§ **Task goal**
Drop every picture, then transcribe the remaining data exactly.

§ **Material provided**
---
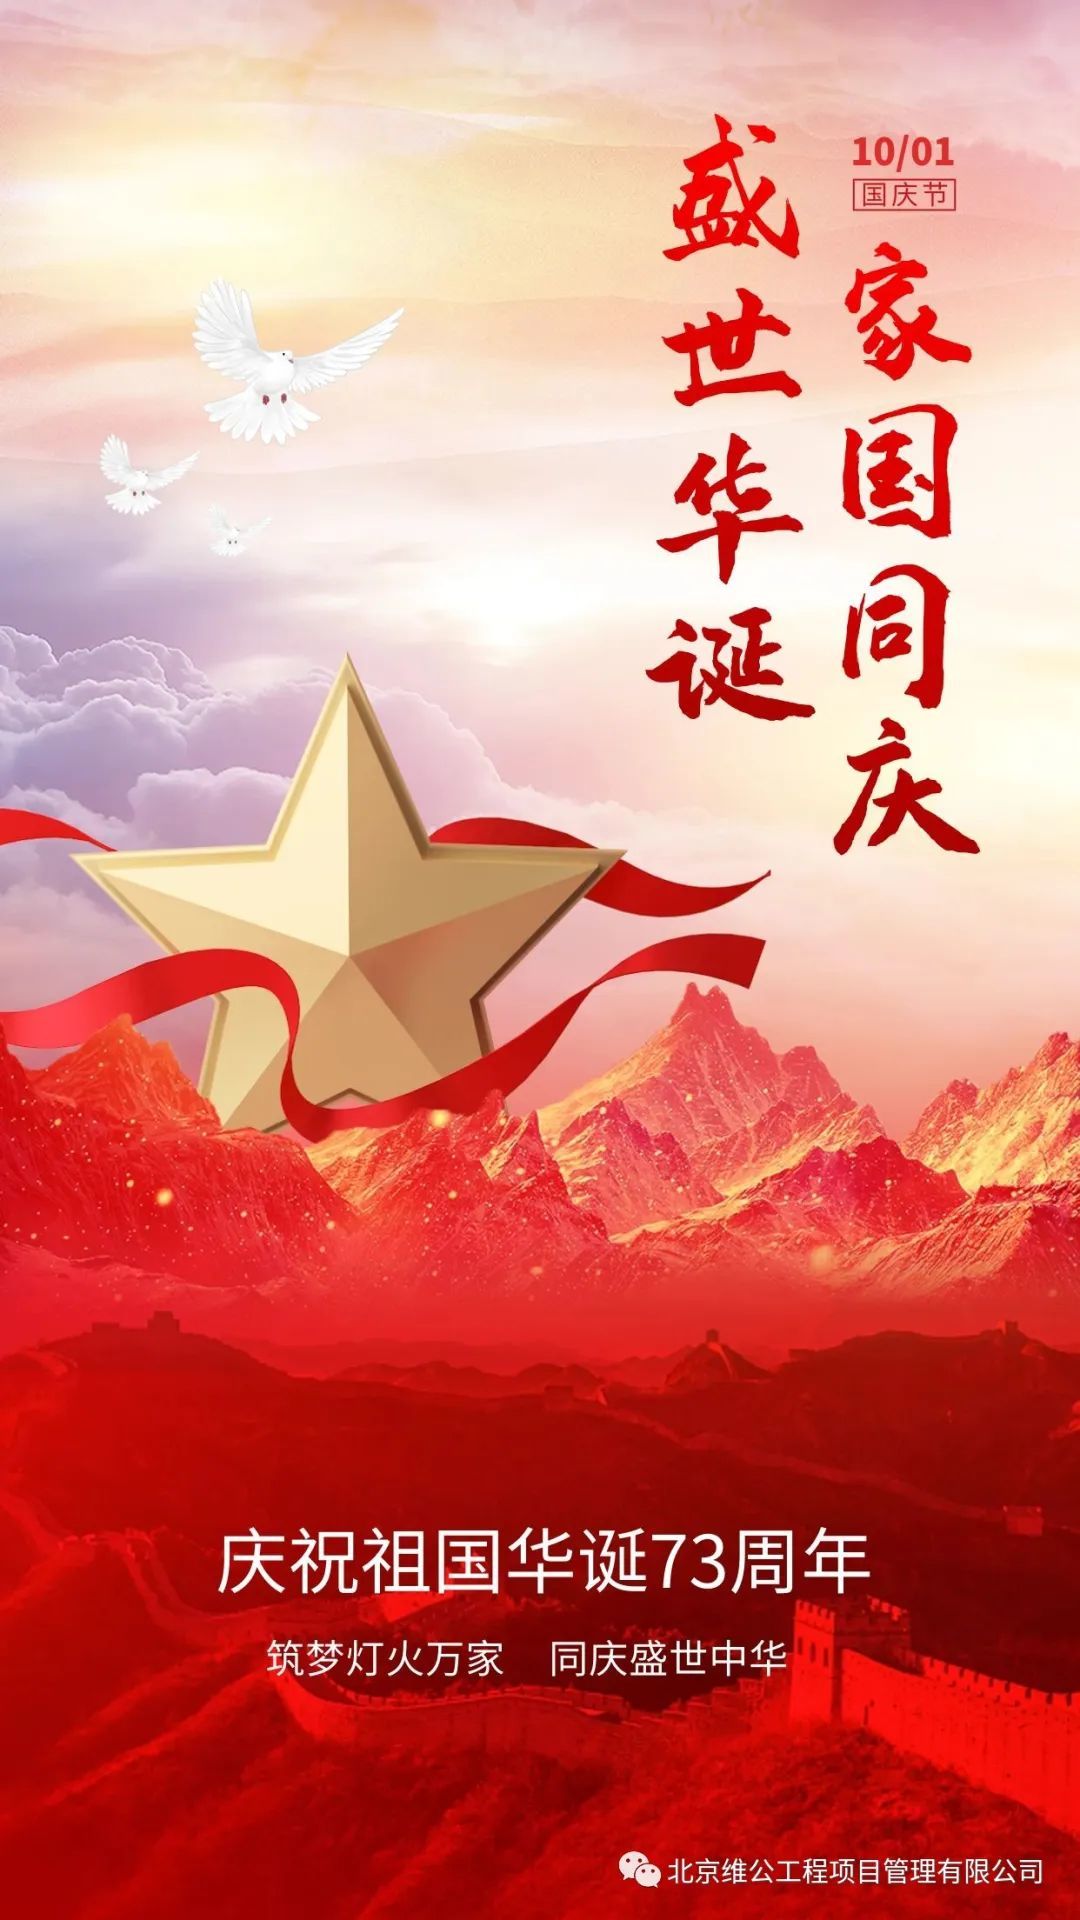 热烈庆祝中华人民共和国建立73周年
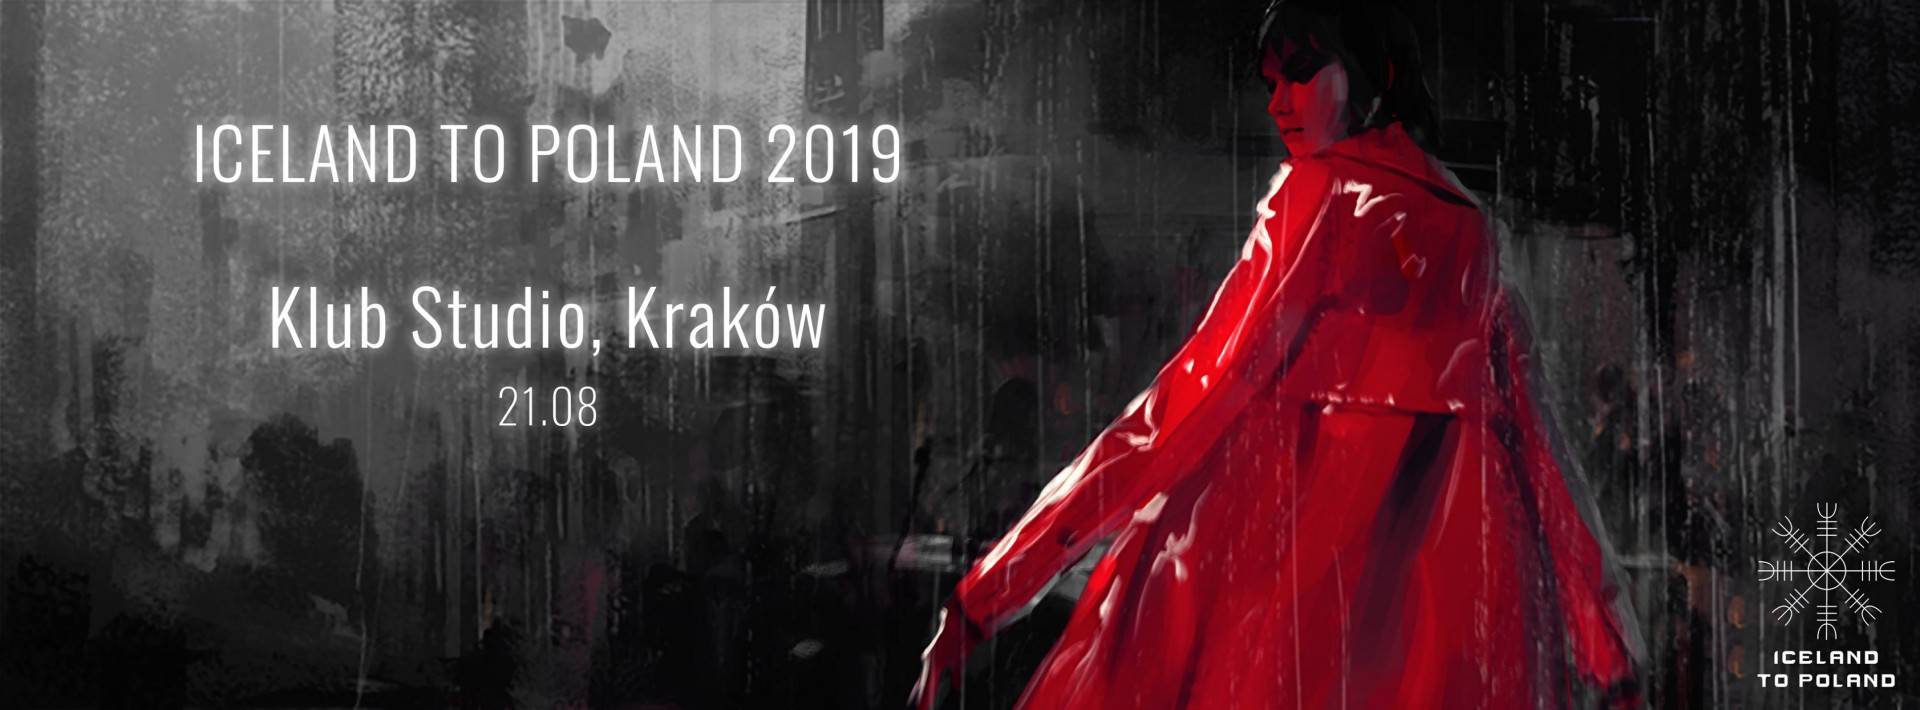 Iceland To Poland 2019
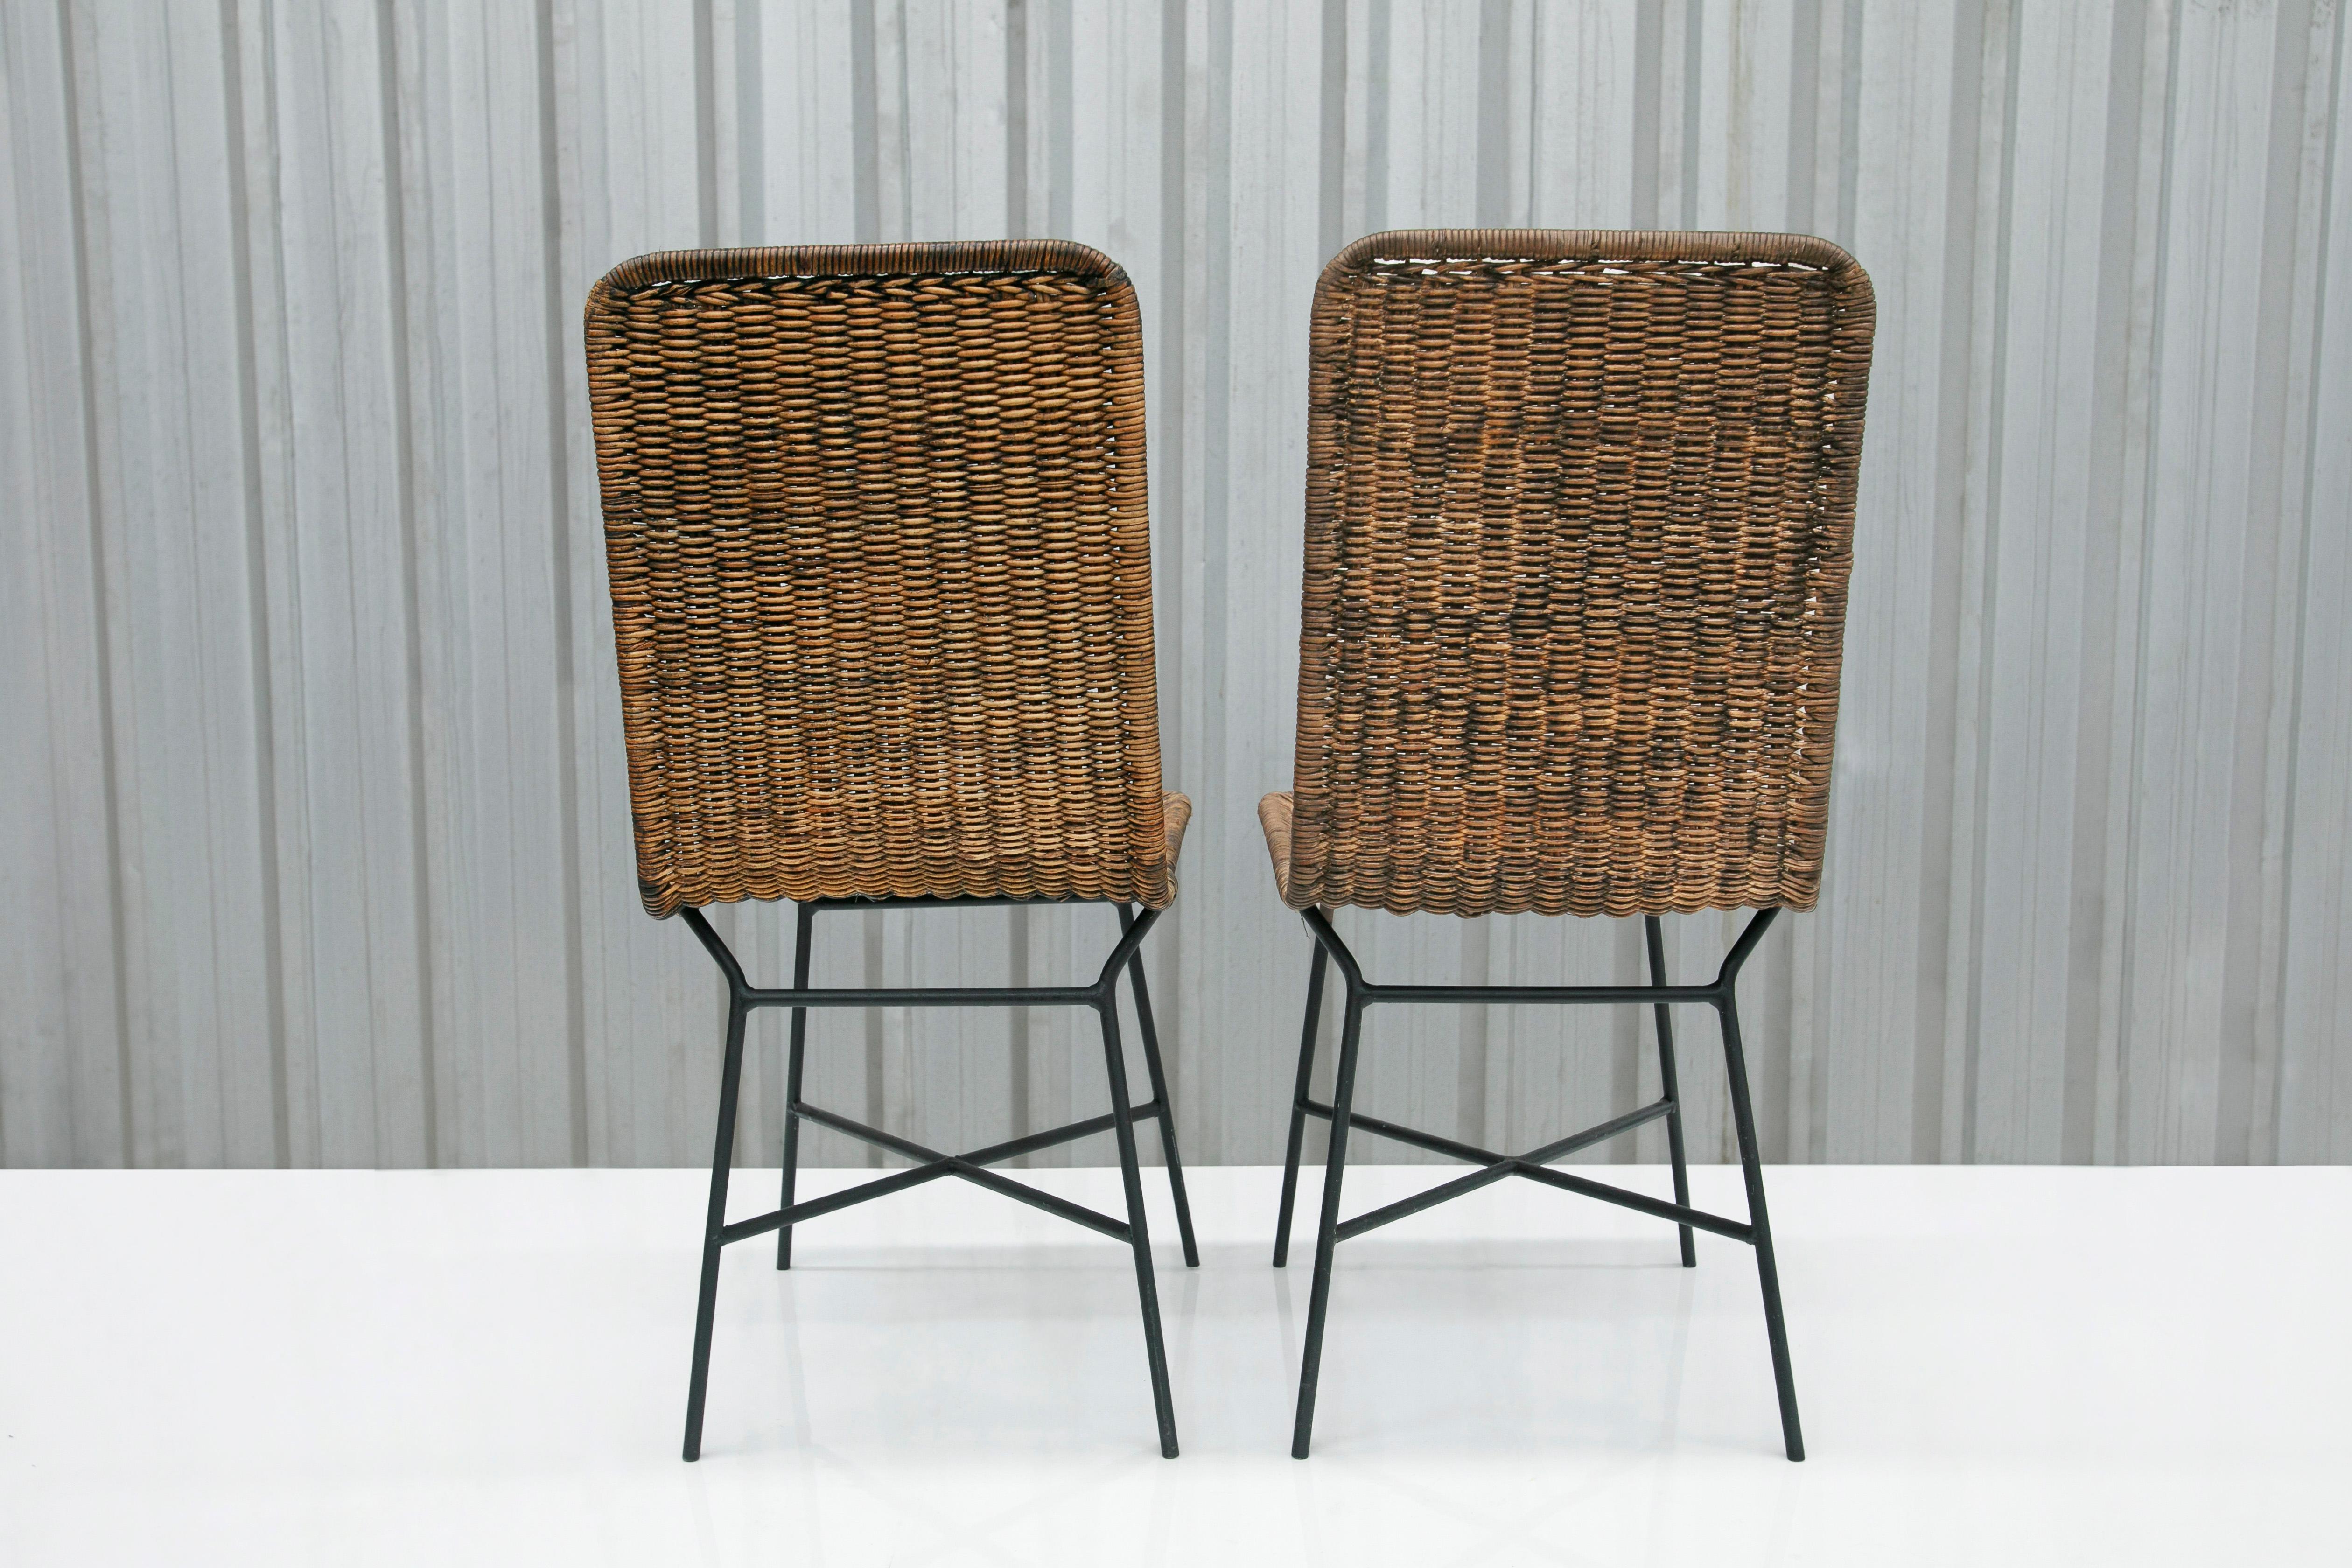 Brasilianische moderne Stühle aus Rohrgeflecht und Metall von Carlo Hauner, 1950er Jahre, Brasilien (Geflecht) im Angebot
---
§ **Response**
 热烈庆祝中华人民共和国建立73周年
 Iceland To Poland 2019
 Brasilianische moderne Stühle aus Rohrgeflecht und Metall von Carlo Hauner, 1950er Jahre, Brasilien (Geflecht) im Angebot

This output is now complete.